Atom	Bonds	Lone pairs	Formal charge	Example
C	4	0	0	CH₄
C	3	0	+1	carbocation
C	3	1	−1	carbanion
C	3	1 (lone pair)	0 (only if neutral carbene)	carbene
N	3	1	0	NH₃, amine
N	4	0	+1	NH₄⁺, ammonium, iminium
N	2	2	−1	amide anion (R₂N⁻)
O	2	2	0	H₂O, alcohol, ether
O	3	1	+1	oxonium, protonated alcohol
O	1	3	−1	alkoxide, hydroxide
F/Cl/Br/I	1	3	0	halide
F/Cl/Br/I	0	4	−1	halide anion
F/Cl/Br/I	2	2	+1	halonium

Memorize the neutral patterns — C(4,0), N(3,1), O(2,2), X(1,3) — and reason away from those.

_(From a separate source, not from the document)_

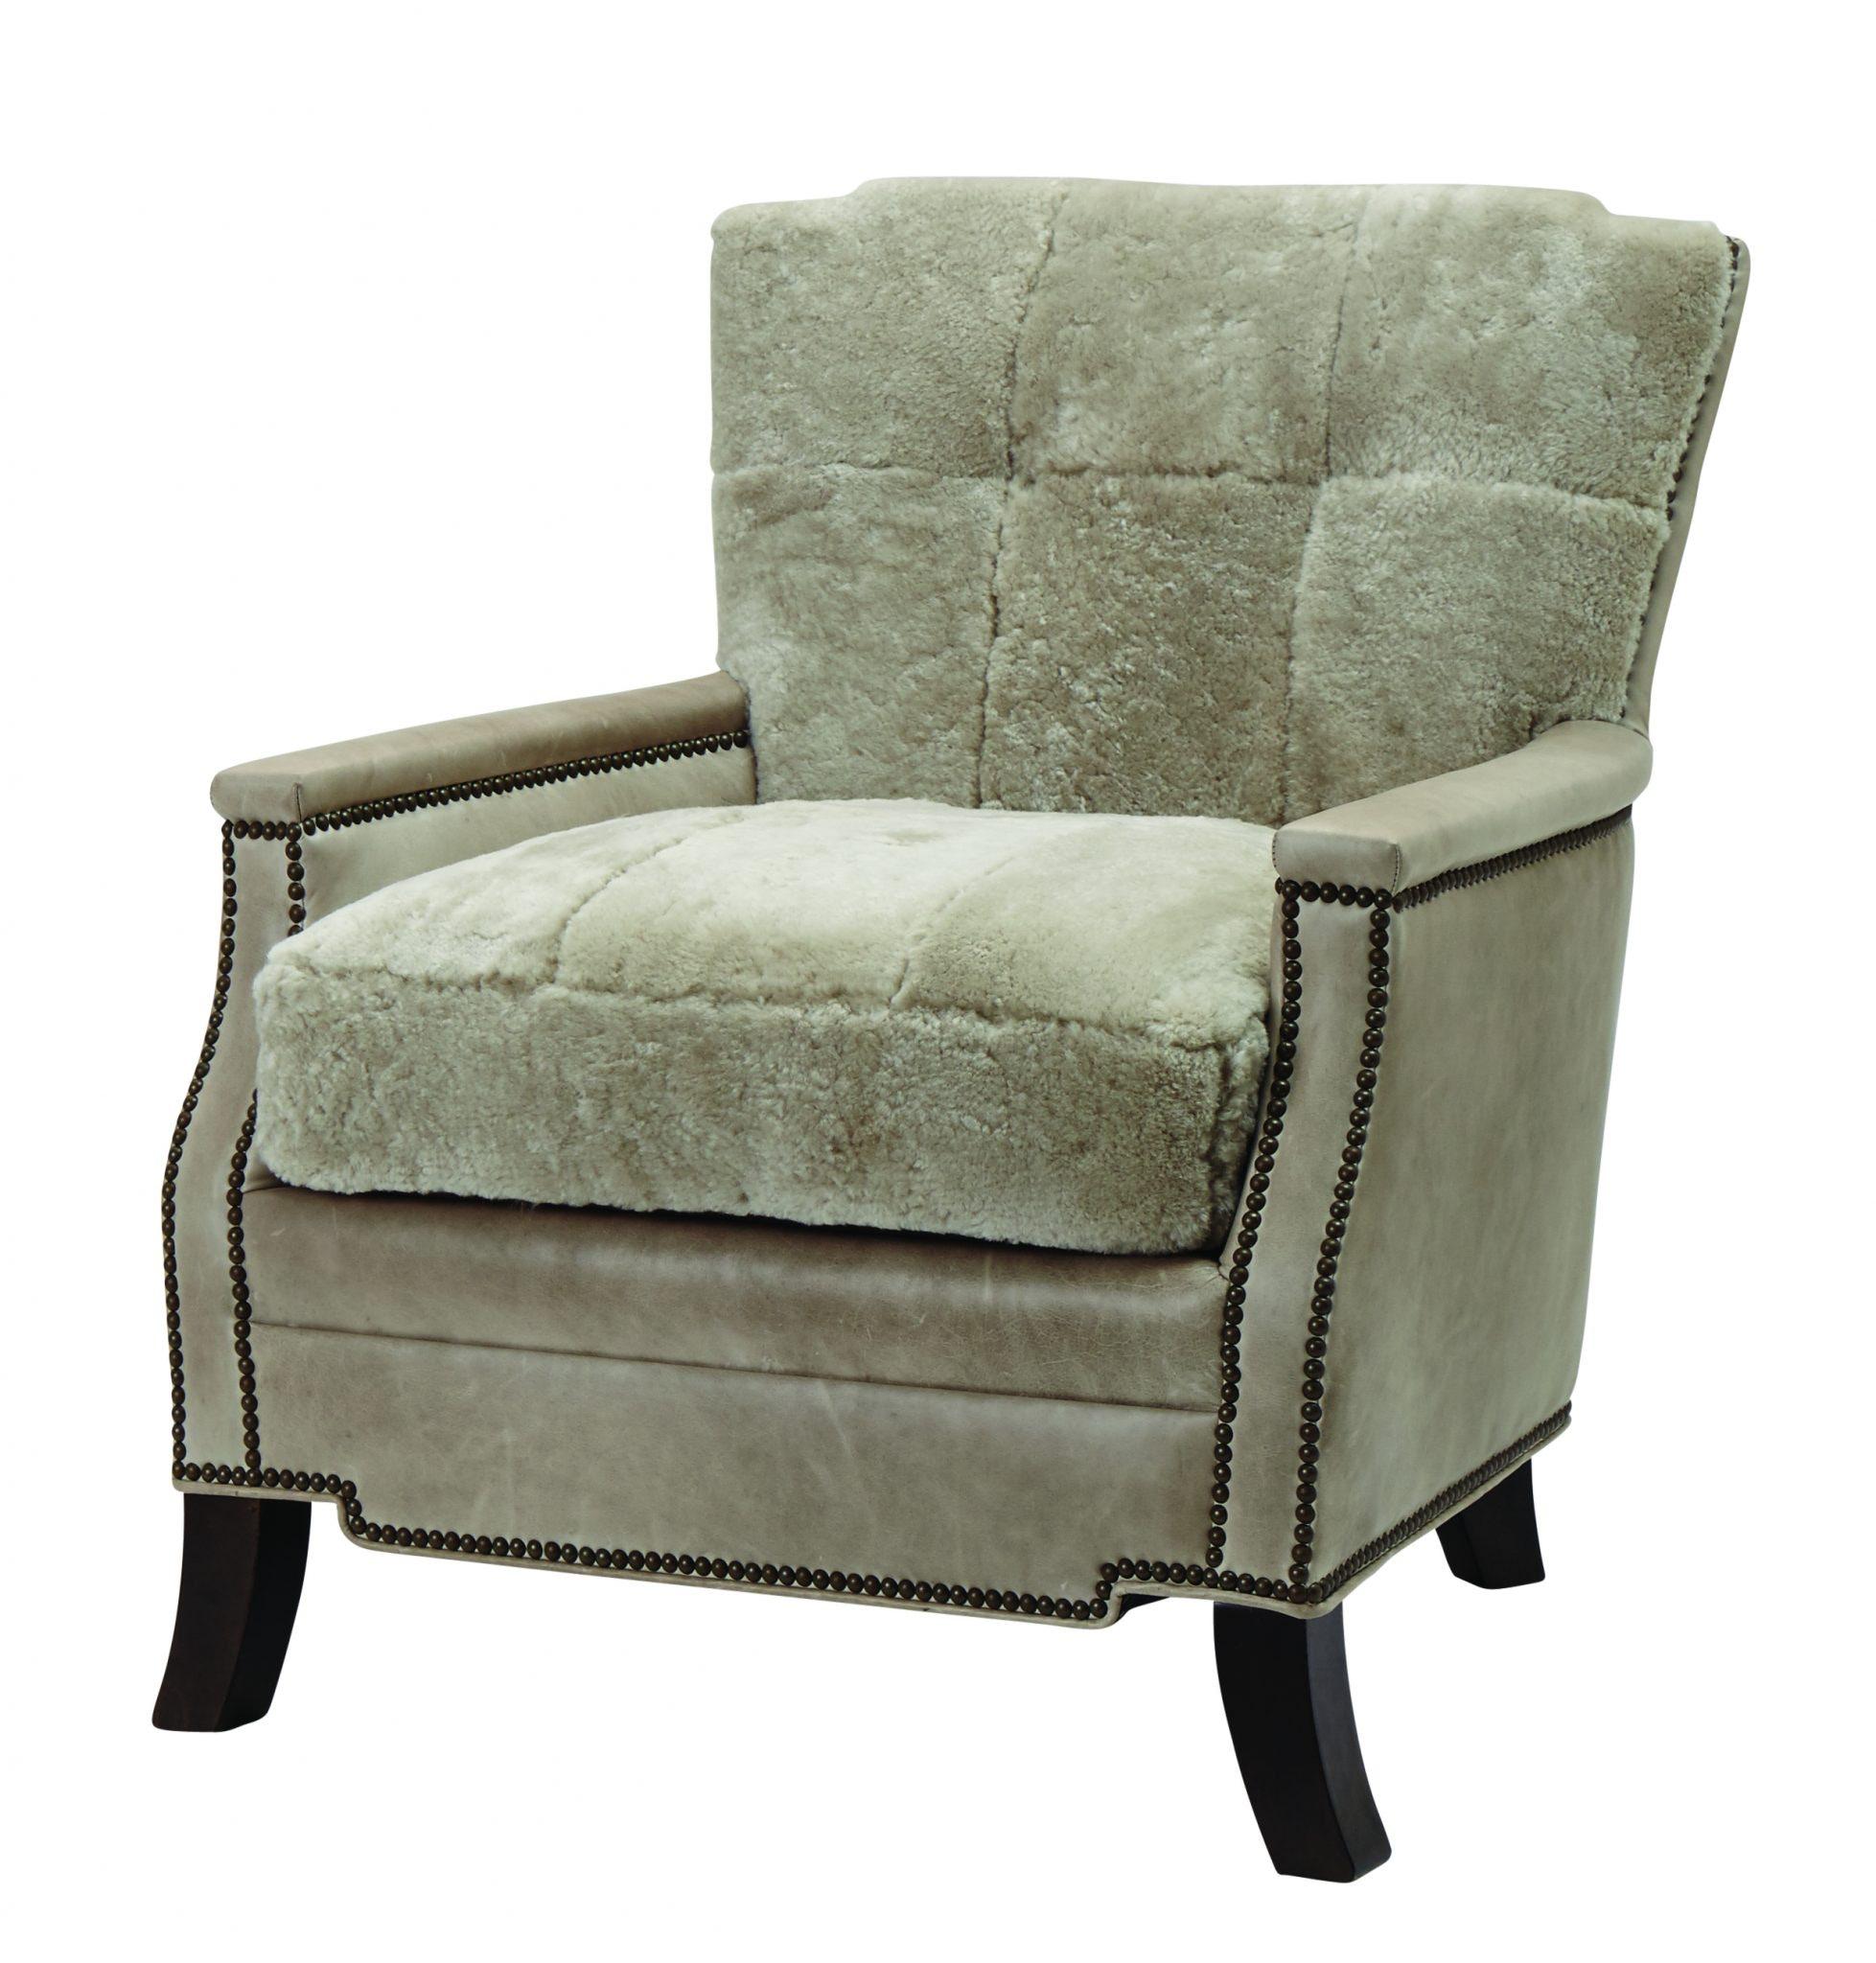 shearling darling chair
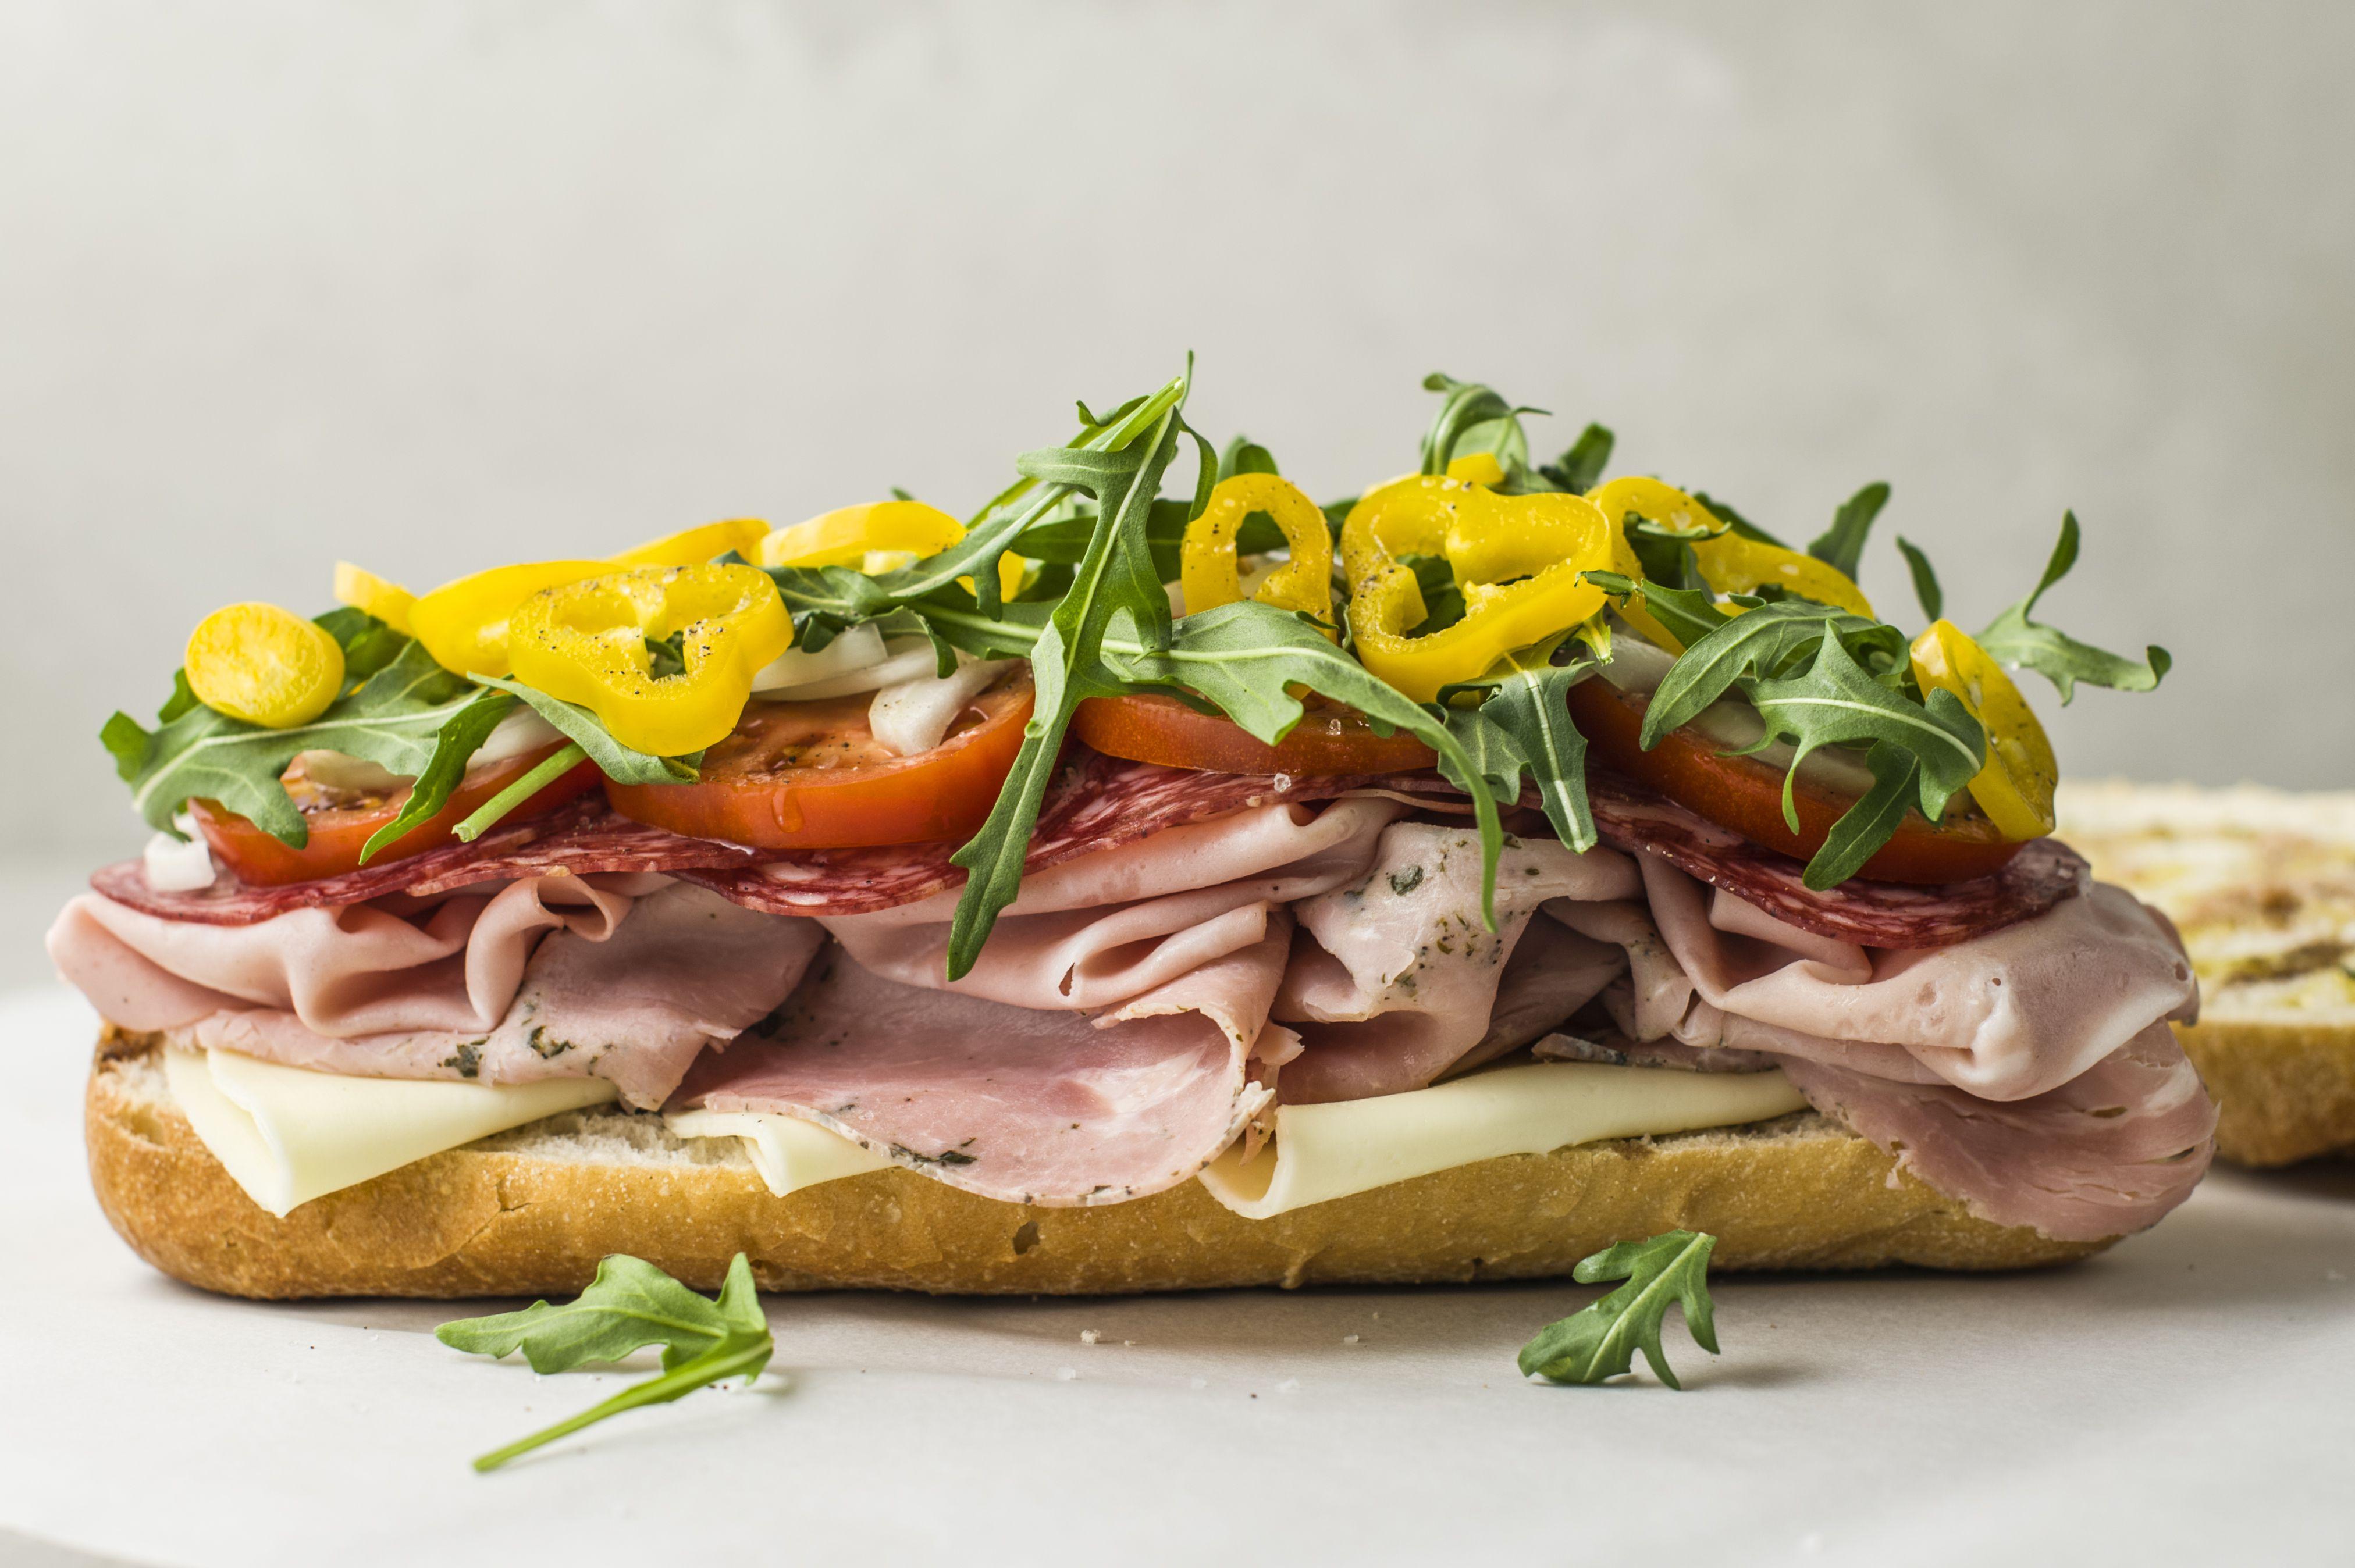 add provolone, ham, mortadella, soppressata, tomatoes, onion, lettuce, banana peppers, salt, and pepper

Oxidation states of carbon

Carbon's oxidation state ranges from −4 to +4 depending on what it's bound to. More bonds to O, N, X = higher (more oxidized); more bonds to H = lower (more reduced). Useful for tracking redox in reactions (Ch 36).

Compound class	Example	C oxidation state
Alkane	CH₄	−4
Alkane	CH₃CH₃ (each C)	−3
Alcohol / alkyl halide	CH₃OH, CH₃Cl	−2
Alkene (each C)	CH₂=CH₂	−2
Aldehyde	H₂C=O	0
Geminal diol / acetal	H₂C(OH)₂	0
Alkyne (each C)	HC≡CH	−1
Carboxylic acid / ester / amide	HCOOH	+2
Carbonate / urea	H₂CO₃	+4
CO₂	CO₂	+4

The oxidation-state ladder for a single carbon — alkane (−3 to −4) → alcohol (−2) → aldehyde/ketone (0) → carboxylic acid (+2) → CO₂ (+4) — is the spine of functional group interconversion (Ch 36).

Oxidation states of nitrogen, oxygen, sulfur

Atom	Compound	Oxidation state
N	NH₃, R-NH₂	−3
N	hydroxylamine R-NHOH	−1
N	nitroso R-N=O	+1
N	nitro R-NO₂	+3
N	nitrate R-ONO₂	+5
O	most R-O-R, R-OH	−2
O	peroxide R-O-O-R	−1
O	O₂	0
S	thiol R-SH	−2
S	sulfide R-S-R	−2
S	sulfoxide R-S(=O)-R	0
S	sulfone R-S(=O)₂-R	+2
S	sulfonic acid R-SO₃H	+4

Print this. The atomic primitives — radii, EN, BDEs, hybridization, geometry — recur everywhere. Knowing them cold lets you reason about any reaction.